1996 United States presidential election in Michigan

All 18 Michigan votes to the Electoral College
- Turnout: 54.5%
| Nominee | Bill Clinton | Bob Dole | Ross Perot |
| Party | Democratic | Republican | Reform |
| Home state | Arkansas | Kansas | Texas |
| Running mate | Al Gore | Jack Kemp | Pat Choate |
| Electoral vote | 18 | 0 | 0 |
| Popular vote | 1,989,653 | 1,481,212 | 336,670 |
| Percentage | 51.69% | 38.48% | 8.75% |
| Clinton 40–50% 50–60% 60–70% 80–90% | Dole 40–50% 50–60% 60–70% |
| President before election Bill Clinton Democratic | Elected President Bill Clinton Democratic |

= 1996 United States presidential election in Michigan =

The 1996 United States presidential election in Michigan took place on November 5, 1996. All 50 states and the District of Columbia participated in the 1996 United States presidential election.
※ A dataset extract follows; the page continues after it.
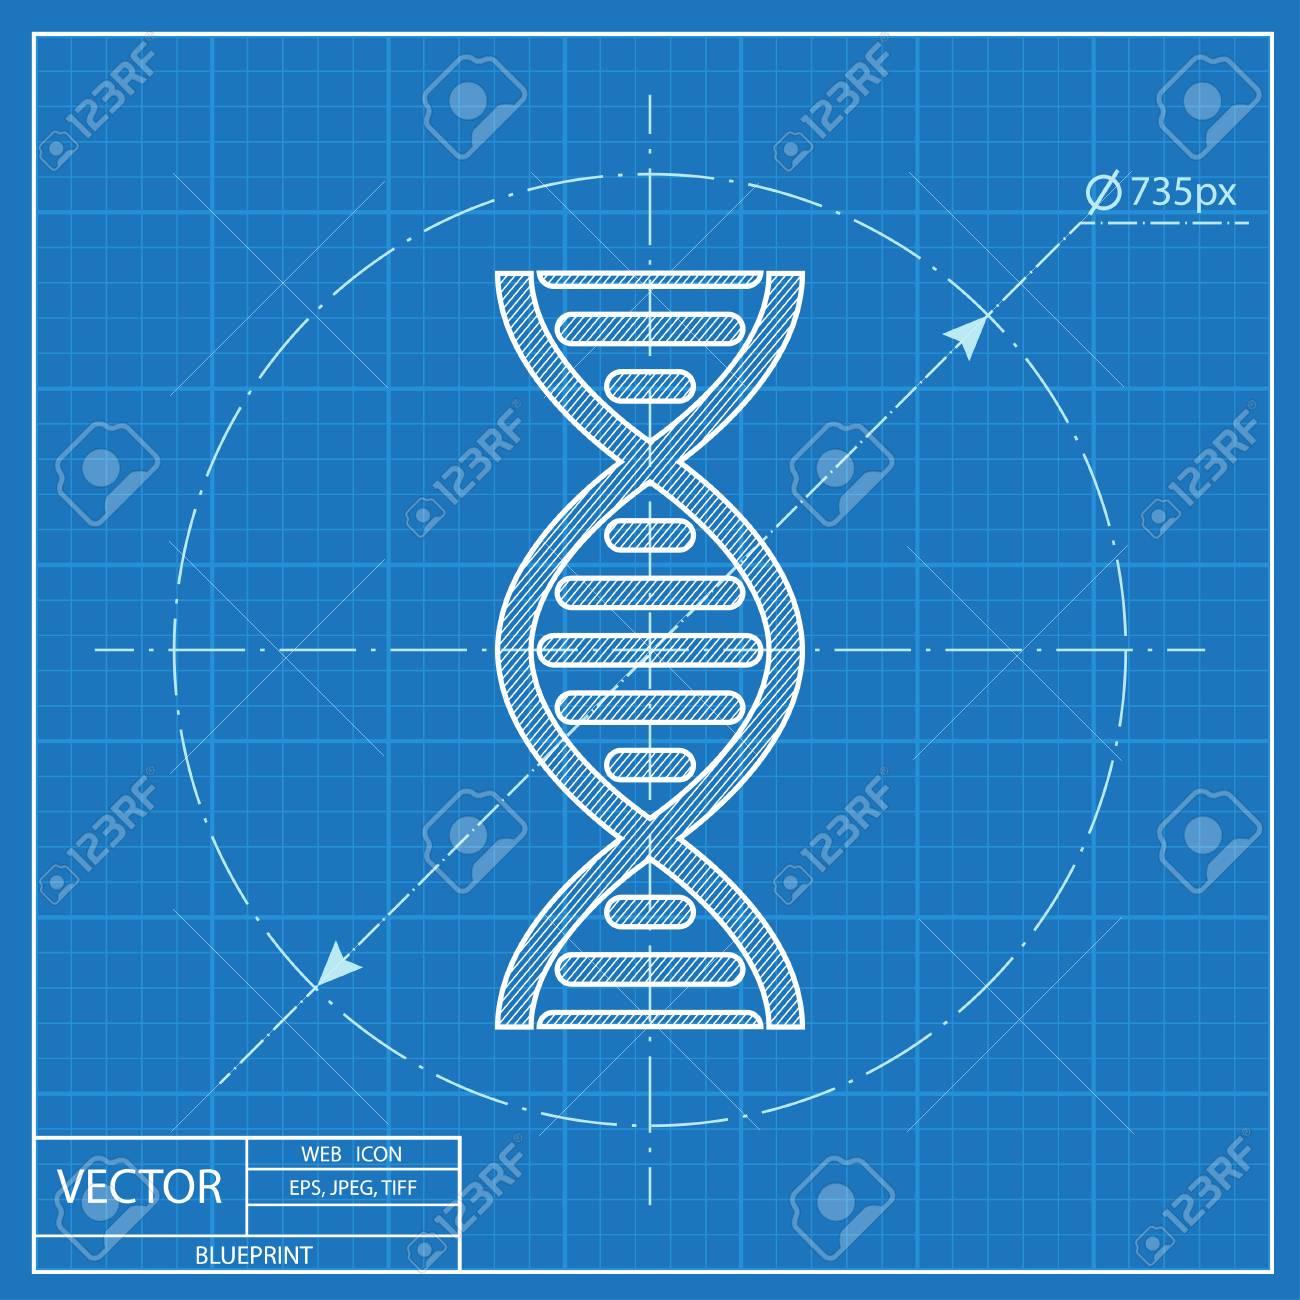 Vector dna molecule blueprint icon royalty free cliparts vectors vector vector dna molecule blueprint icon malvernweather Choice Image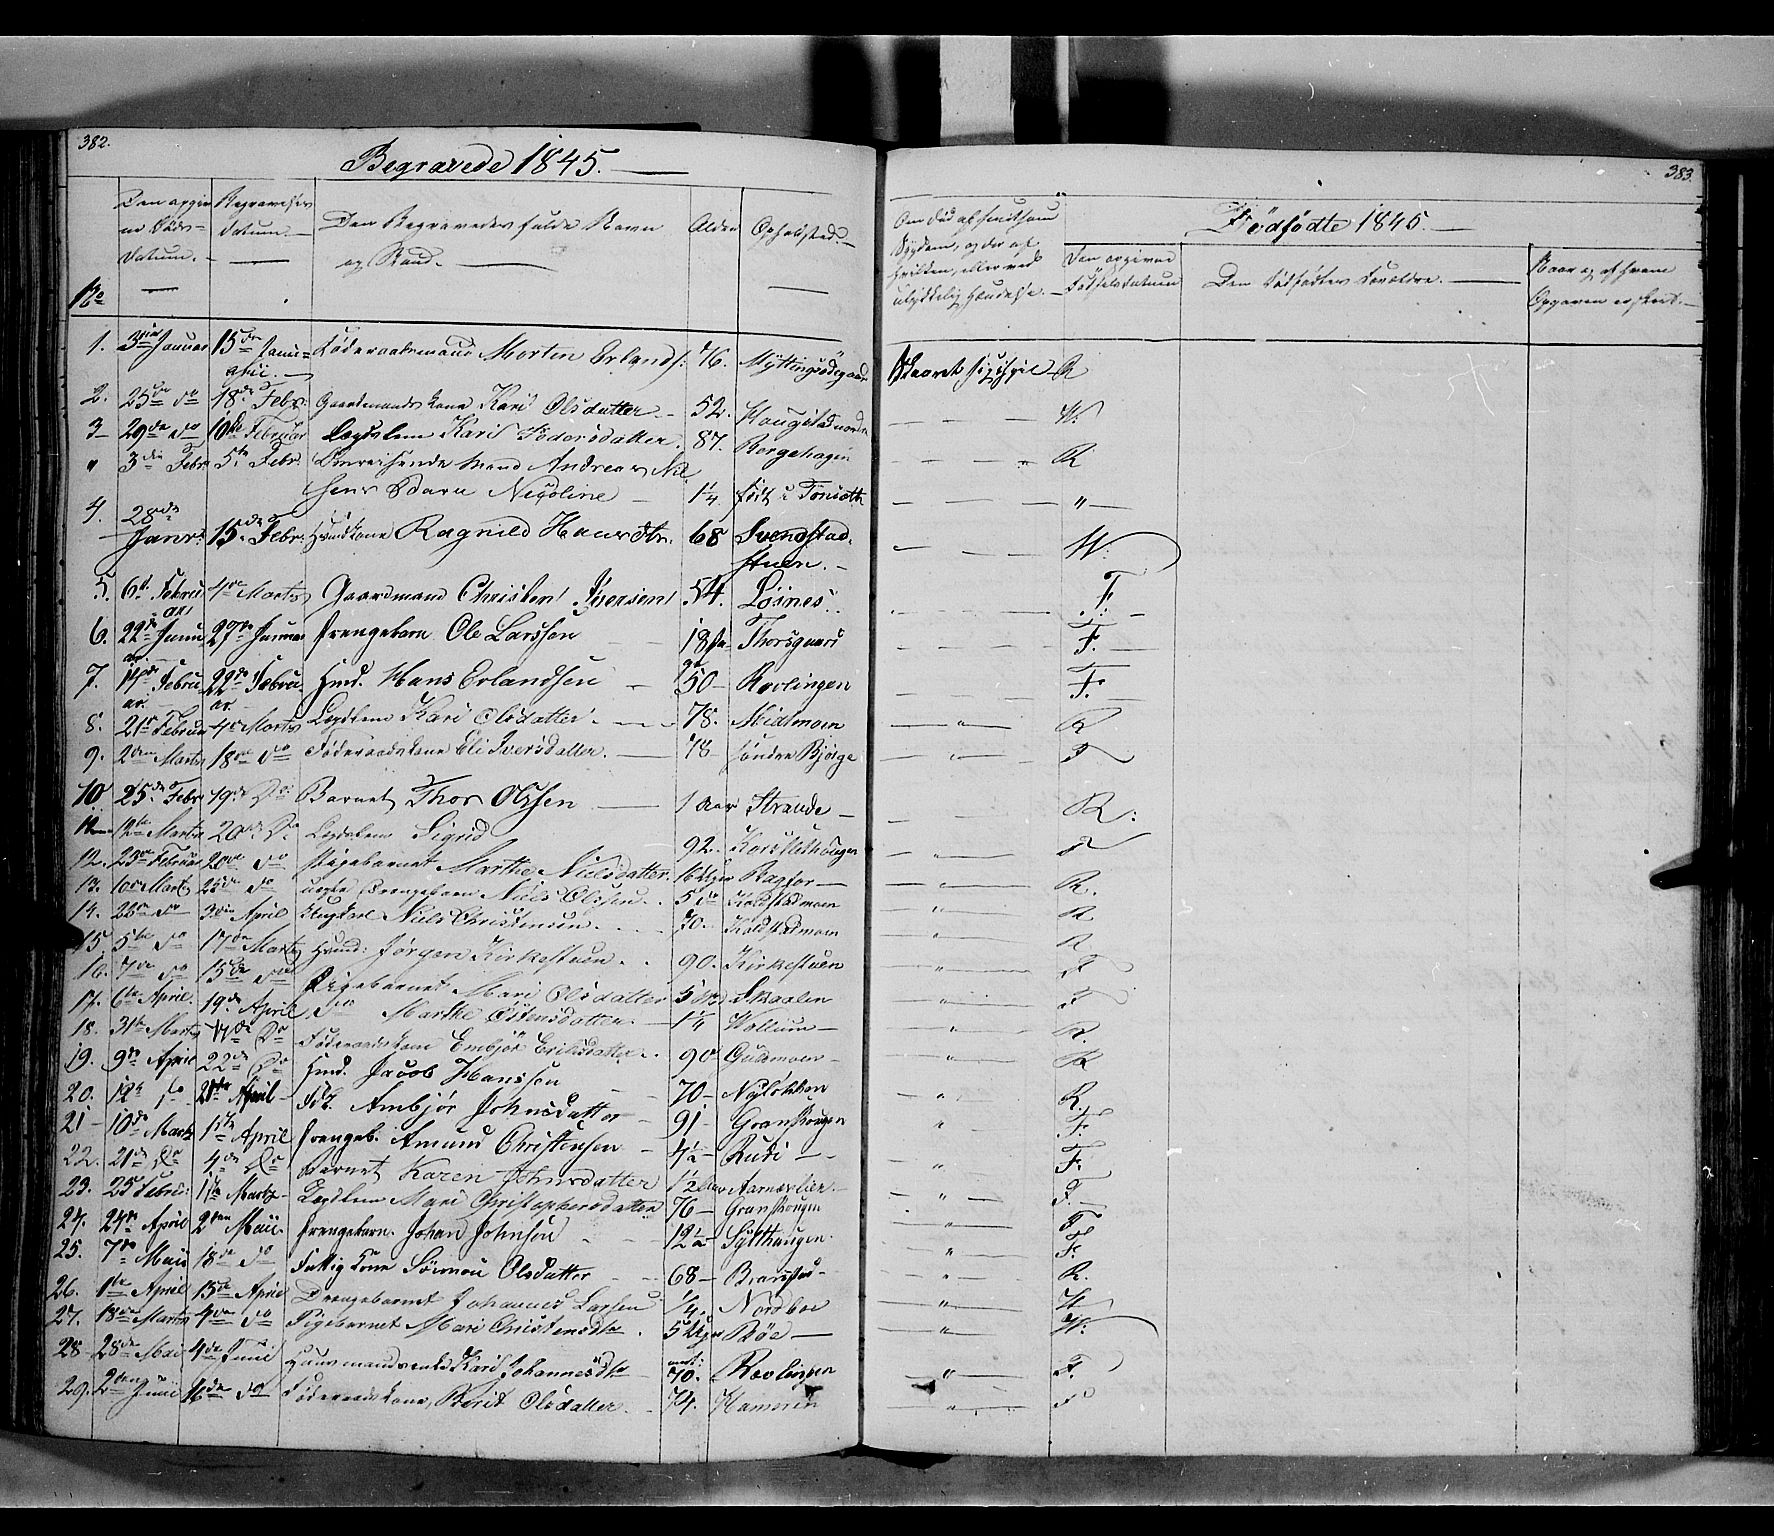 SAH, Ringebu prestekontor, Ministerialbok nr. 5, 1839-1848, s. 382-383

Voters chose 18 electors to the Electoral College, which selected the president and vice president.

Michigan was won by incumbent United States president Bill Clinton of Arkansas, who was running against Kansas senator Bob Dole. Clinton ran a second time with former Tennessee senator Al Gore as Vice President, and Dole ran with former New York congressman Jack Kemp.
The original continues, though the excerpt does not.